Lastly, we conduct additional experiments on the MovieLens- $100K$ benchmark: reducing $\kappa$ from $0.1$ to $0.01$ leads to no noticeable change in cumulative or average regret (see the below table). $R(t)$ denotes the cumulative regret up to round $t$ , whereas $R(t)/t$ is the average regret at round $t$ . We report $R(t)/t$ to check whether cumulative regret is sublinear.

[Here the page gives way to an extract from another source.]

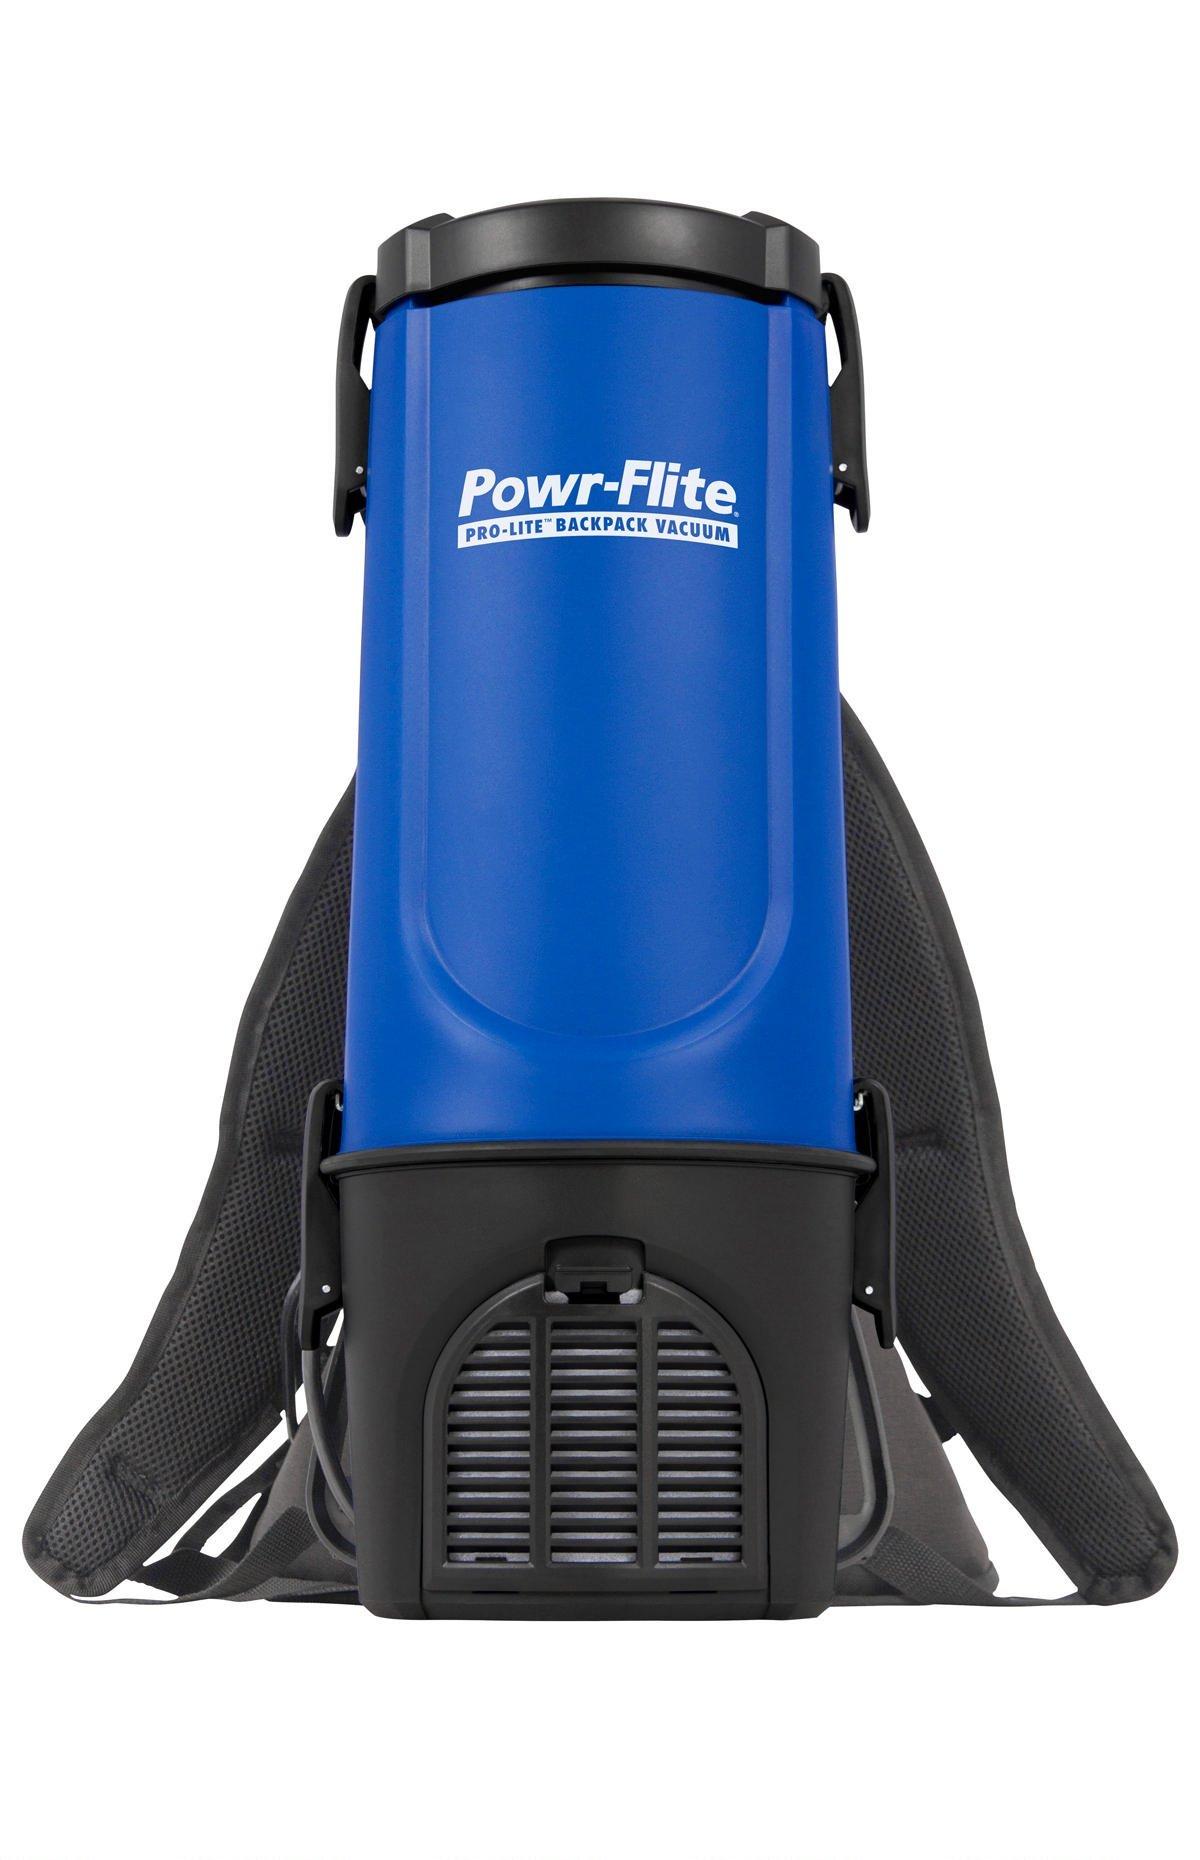 Powr-Flite BP4S Pro-Lite Backpack Vacuum, 22.5'' Height, 9.5'' Length

$\kappa$	$t$	$R(t)$	$R(t)/t$
$0.1$	$2000$	$10.97$	$5.40 \times 10^{-3}$
	$4000$	$15.80$	$3.90 \times 10^{-3}$
	$6000$	$19.83$	$3.30 \times 10^{-3}$
	$8000$	$23.84$	$2.90 \times 10^{-3}$
	$10000$	$27.28$	$2.70 \times 10^{-3}$

$\kappa$	$t$	$R(t)$	$R(t)/t$
$0.01$	$2000$	$12.66$	$6.30 \times 10^{-3}$
	$4000$	$18.46$	$4.60 \times 10^{-3}$
	$6000$	$22.94$	$3.80 \times 10^{-3}$
	$8000$	$26.94$	$3.30 \times 10^{-3}$
	$10000$	$30.54$	$3.00 \times 10^{-3}$

2. Discussion of $\bar{p}$

We first clarify meaning of large $\bar{p}$ . Recall that \bar p is defined as an upper bound on the non-click probability: $\bar{p} = \sup_{x}\sigma_0(x^{\top}\theta^\*).$ Consequently, a large $\bar{p}$ corresponds to a high–negative-feedback scenario.

Even though our regret bound may increase in the small- $K$ regime with particularly large $\bar{p}$ , we emphasize that this is the first regret bound to explicitly capture and improve with increasing $K$ , with the explicit dependence on both $K$ and $\bar{p}$ . We believe this constitutes a significant and meaningful contribution to the community. This theoretical result is NOT just an artifact of the loose analysis. That is because we establish the same scale of lower bound (modulo the difference between $\bar{p}$ and $\underline{p}$ ), which further supports our theoretical findings and implications. That is, it may be possible in the worst-case scenario for the small- $K$ regime with particularly large $\bar{p}$ , the regret may initially increase with $K$ but eventually decrease as $K$ becomes sufficiently large although such scenarios may not appear in practice. We sincerely believe that this finding should NOT be considered as weakness. It is rather the nature of the problem that our work presents for the first time as the true scaling.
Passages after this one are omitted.